Give back the whole listing verbatim, printing none of its pictures.

## Supplied material
↓
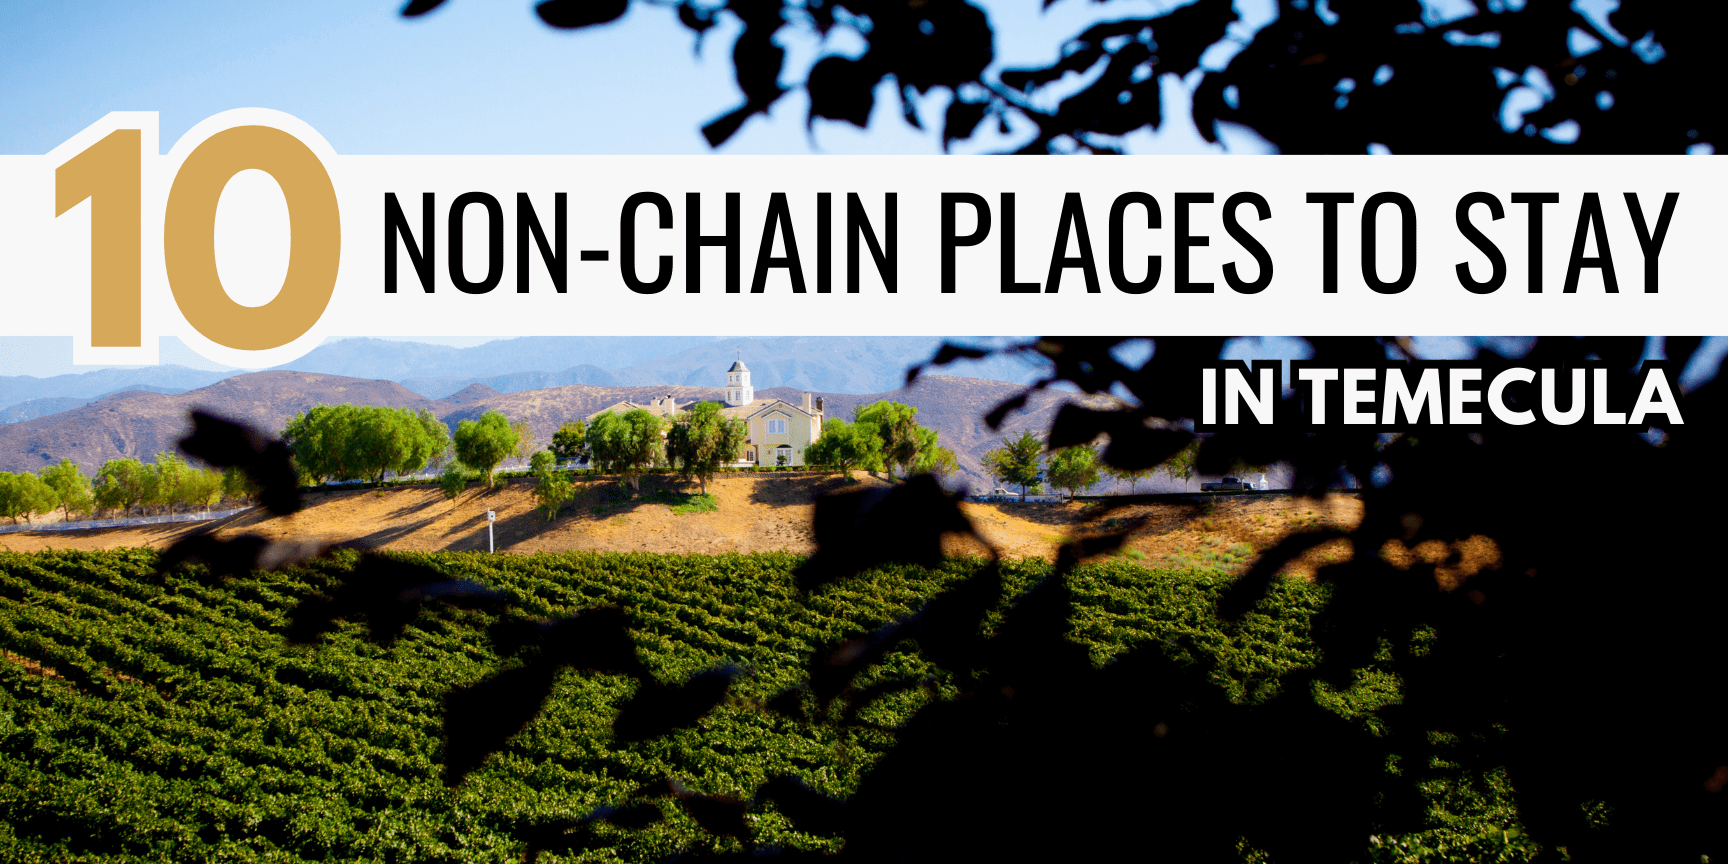 10 Non-Chain Places to Stay in Temecula
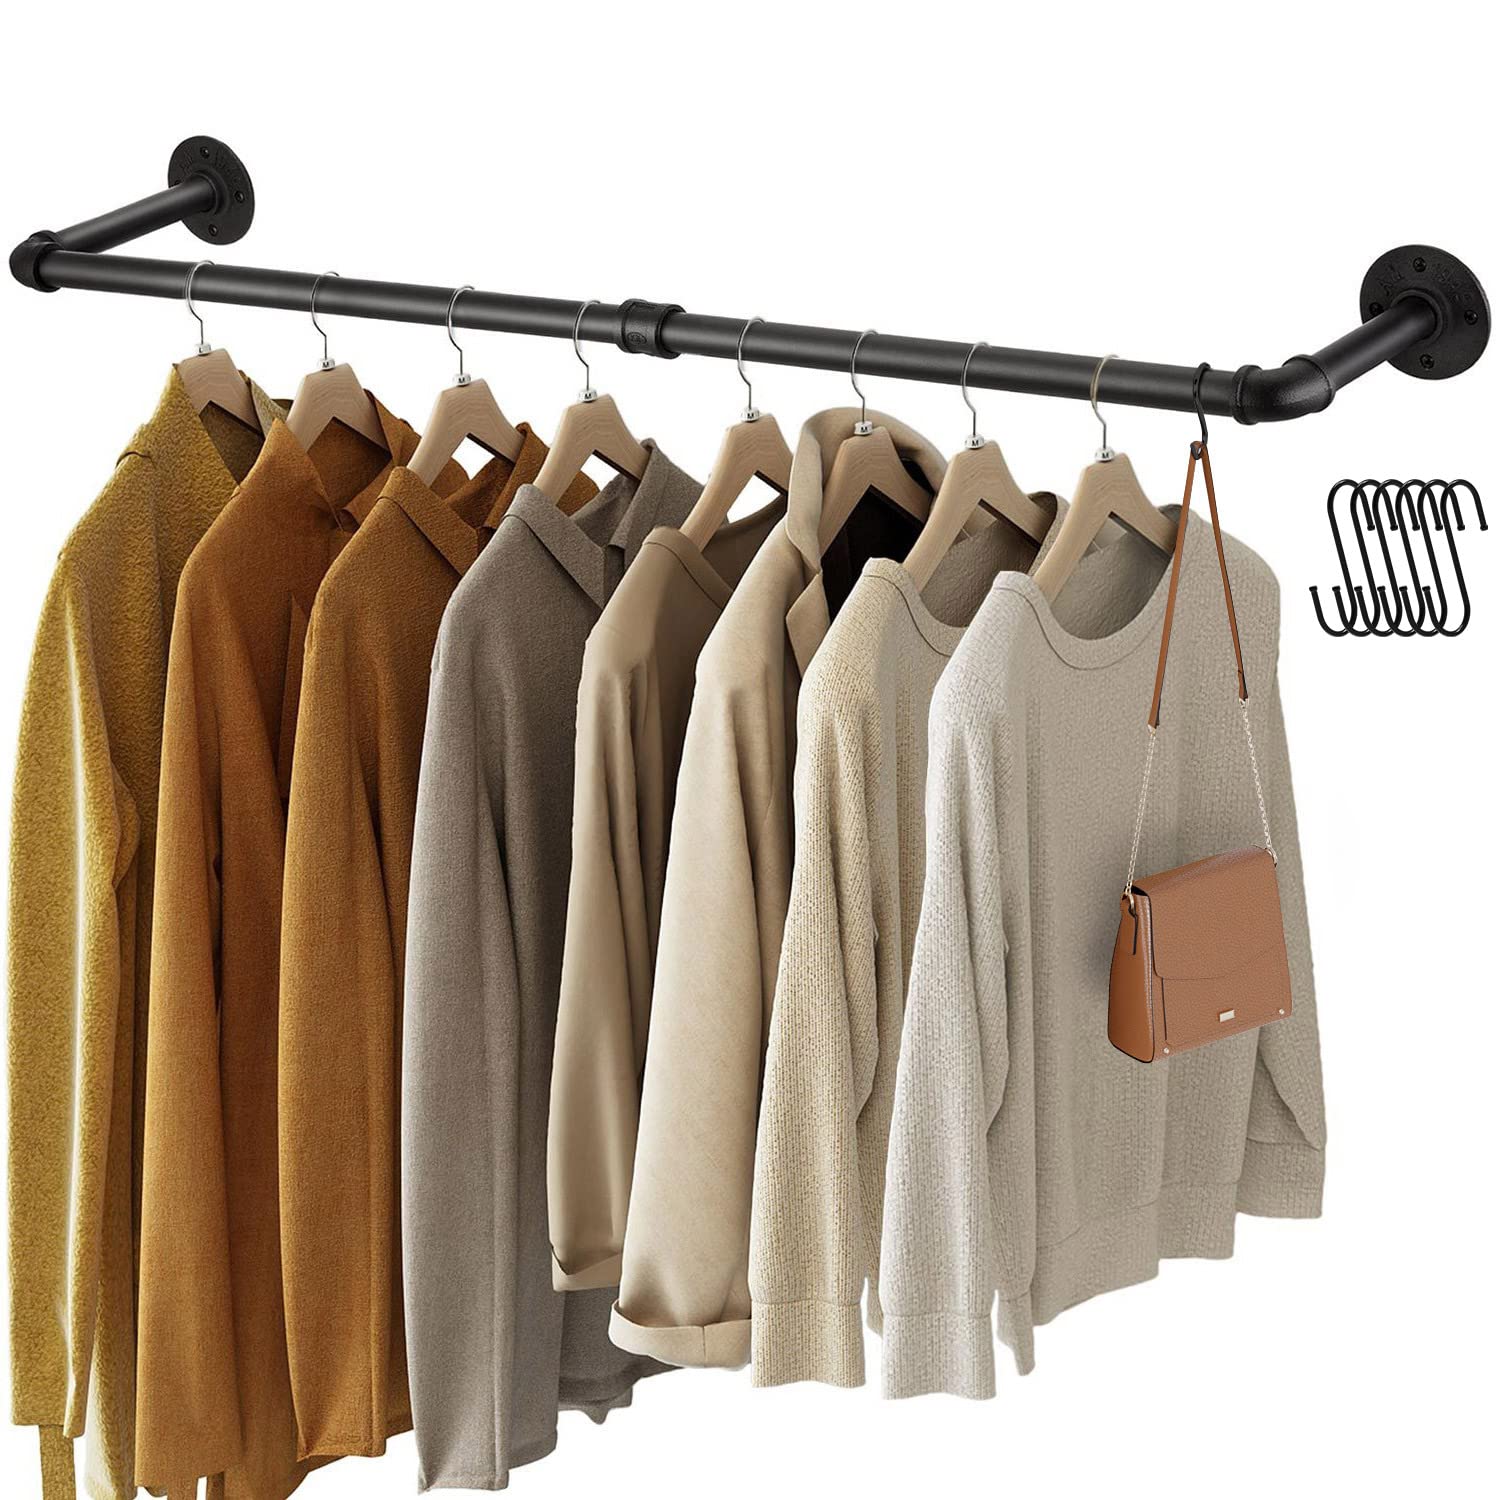 gREENSTELL clothes Rack,362 Inch Industrial Pipe Wall Mounted garment Rack,Space-Saving Hanging clothes Rack,Heavy Duty Detachab
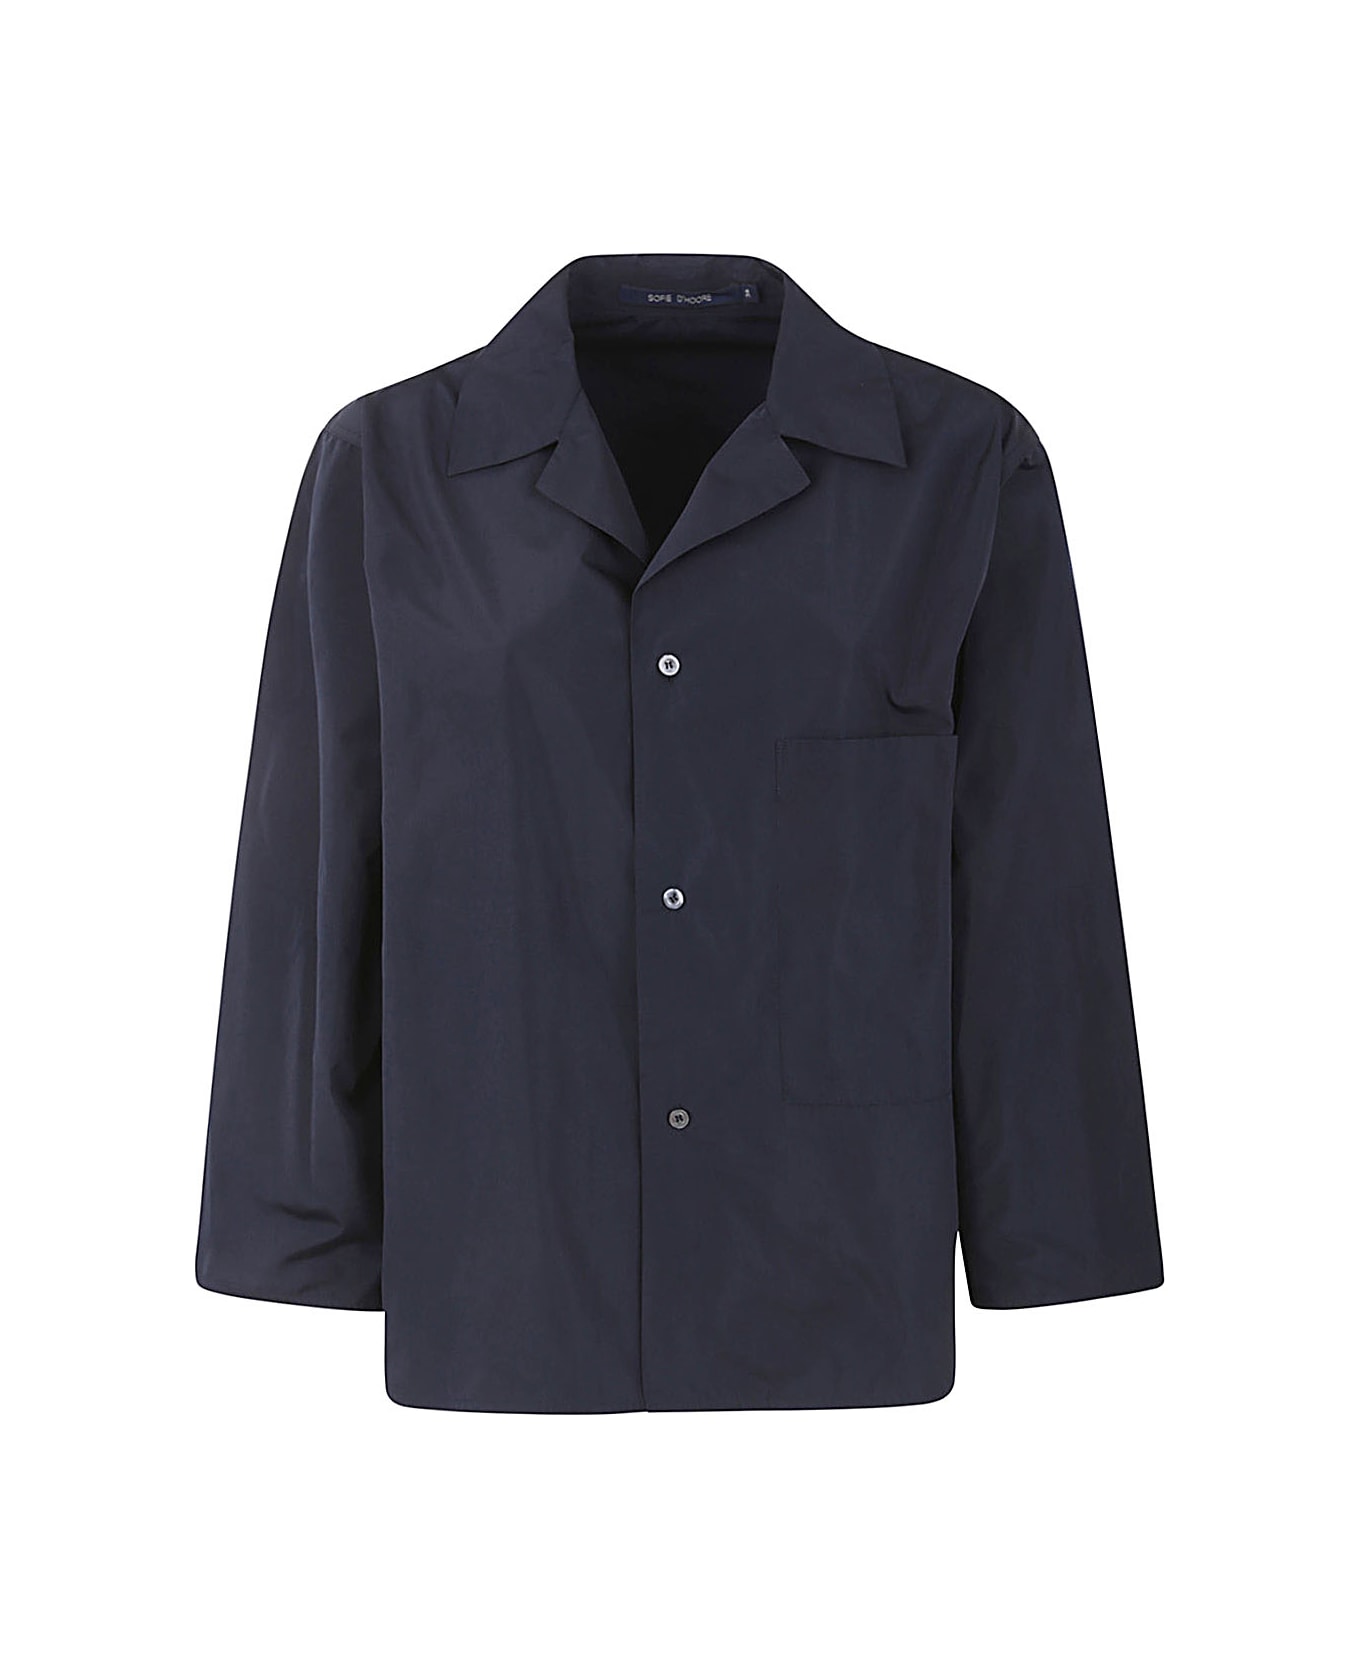 Sofie d'Hoore Long Sleeve Shirt With Front Applied Pocket - Midnight シャツ
↑
## Answer section
 10 Non-Chain Places to Stay in Temecula
 gREENSTELL clothes Rack,362 Inch Industrial Pipe Wall Mounted garment Rack,Space-Saving Hanging clothes Rack,Heavy Duty Detachab
 Sofie d'Hoore Long Sleeve Shirt With Front Applied Pocket - Midnight シャツ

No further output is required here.